Consider sunburn protection for fruit remaining on trees, as fruit will be more exposed when leaves have been stripped from the tree. This is particularly the case with Hass. A spray-on crop protectant is recommended. You will need to gauge the volume for each tree, as this will depend on the amount of canopy lost. Apply enough protectant to get good coverage, but not to the point of run-off.

Normally a phosphorous acid injection is recommended for March, and this injection is more important than ever following heavy rain during a cyclone. Injections are favoured over foliar sprays because the leaf area needed to absorb the phosphorous acid has been reduced by the cyclone, to the point where there is not enough leaf area for sufficient absorption.

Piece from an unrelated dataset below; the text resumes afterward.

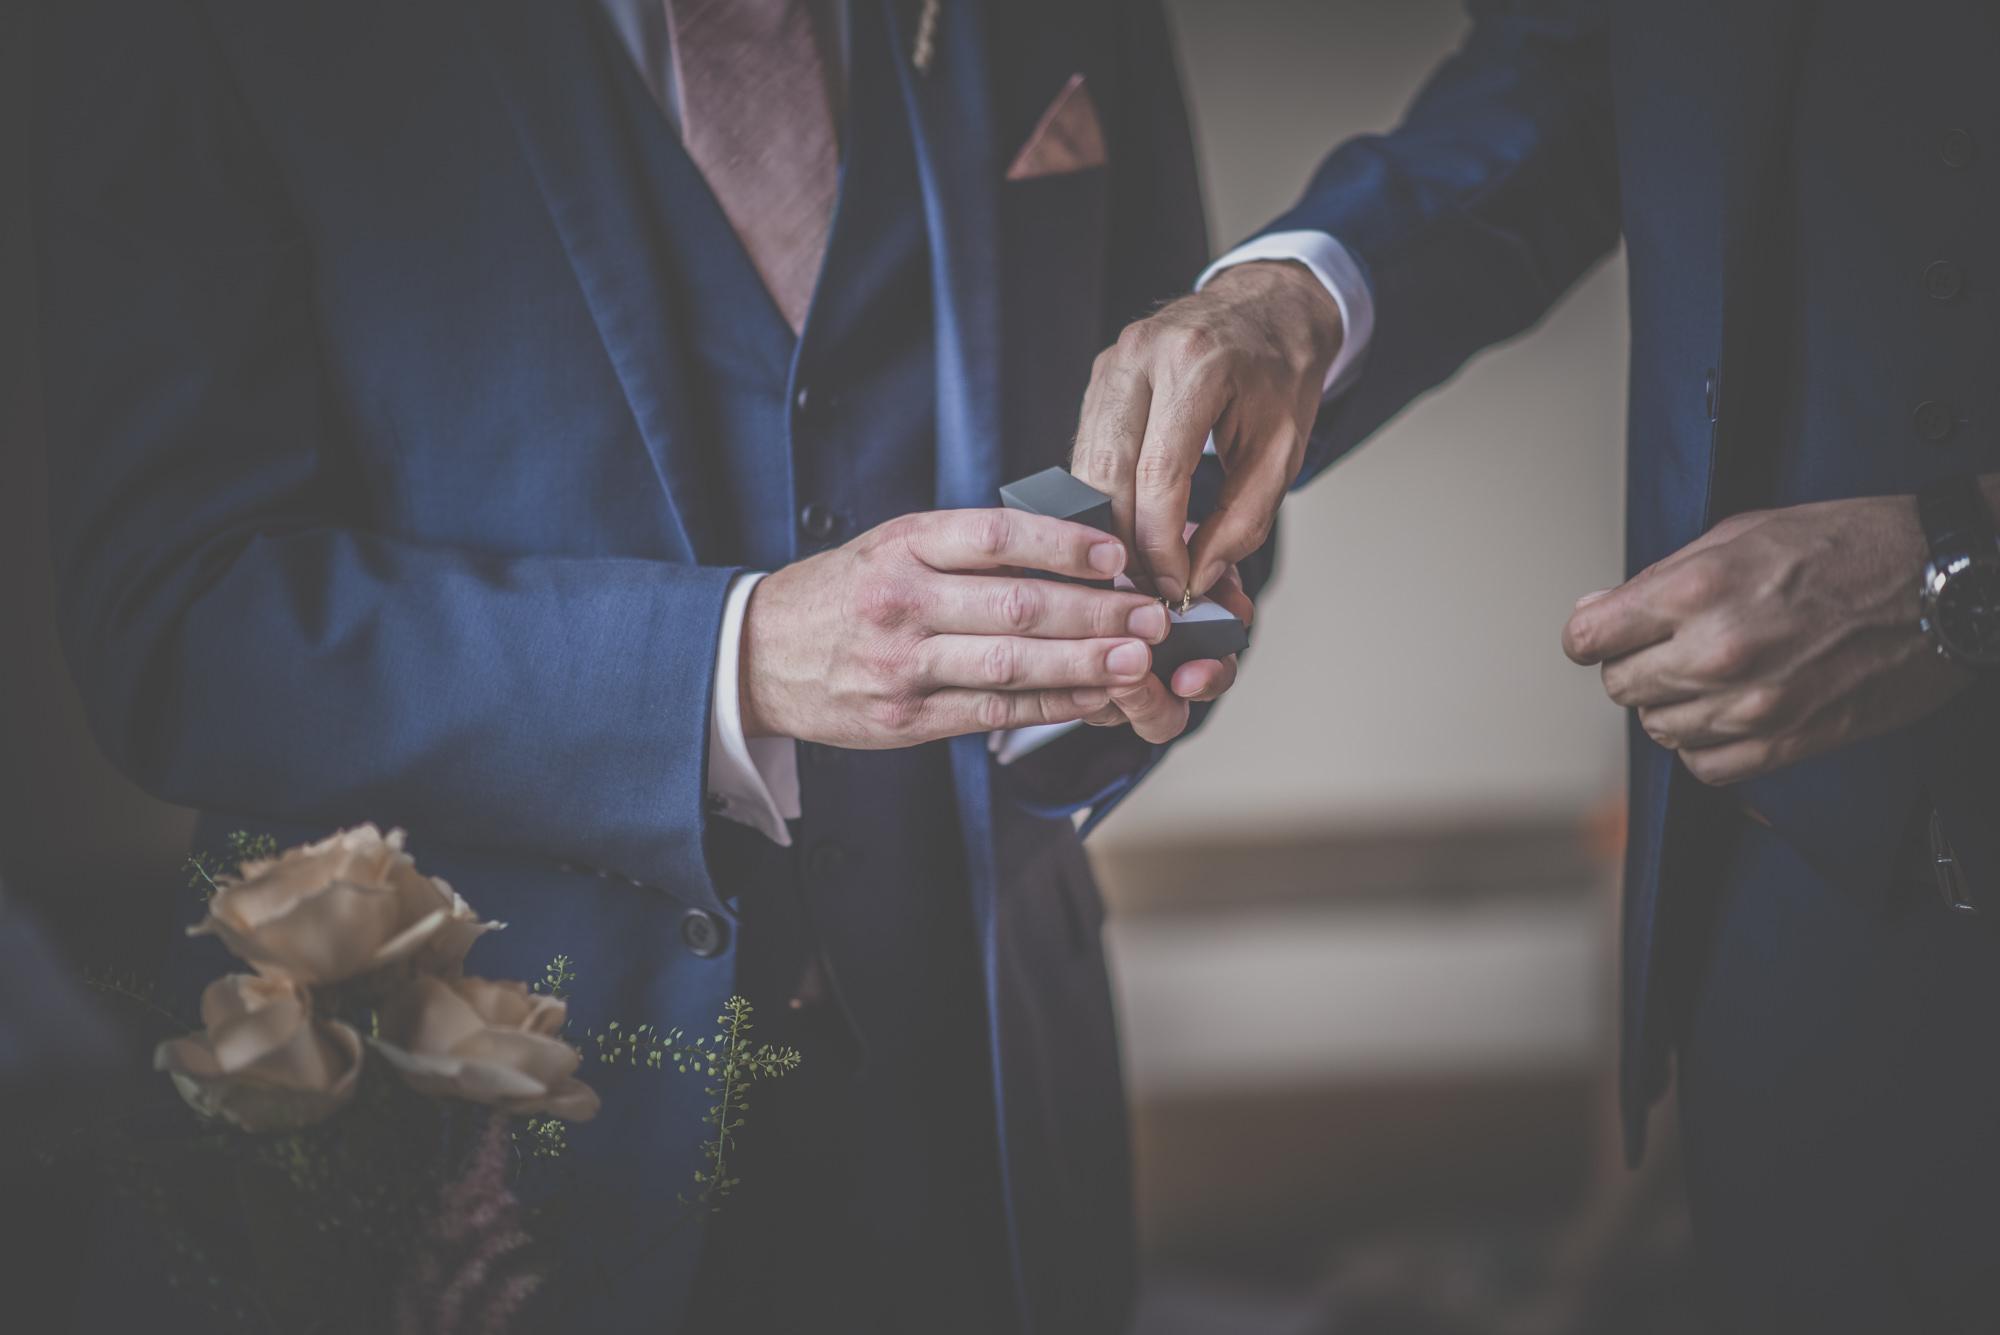 Charisse-and-James-wedding-in-Cain-Manor-Venue-Hampshire-Manu-Mendoza-Wedding-Photography-263.jpg

Macadamias are particularly brittle and prone to cyclone damage. Consider strategies for clearing tree rows, salvaging trees where possible and recover fallen nuts from areas where you can gain machinery access.

You should prune trees to take out any damaged and broken or twisted limbs, and apply a 1:4:20 mix of water-based white acrylic paint, micro fine lime and water to protect exposed limbs against sunburn. Pruning trees to a central main leader can provide more resilience to future high-wind events.

Many trees break or twist off at ground level, and you will need to replant these. Where trees have not broken, prop and prune to reduce the canopy to help trees recover. Open out the centre of the tree by removing selected internal branches.

The first step to recovery is to stand trees back up as soon as possible and while the soil is still wet. When this is done, broken branches are pruned and debris is cleared, spray all trees with a preventative fungicide such as mancozeb or copper.

If the canopy has been significantly reduced, apply 1:4:20 mix of water-based white acrylic paint, micro fine lime and water to protect exposed limbs against sunburn.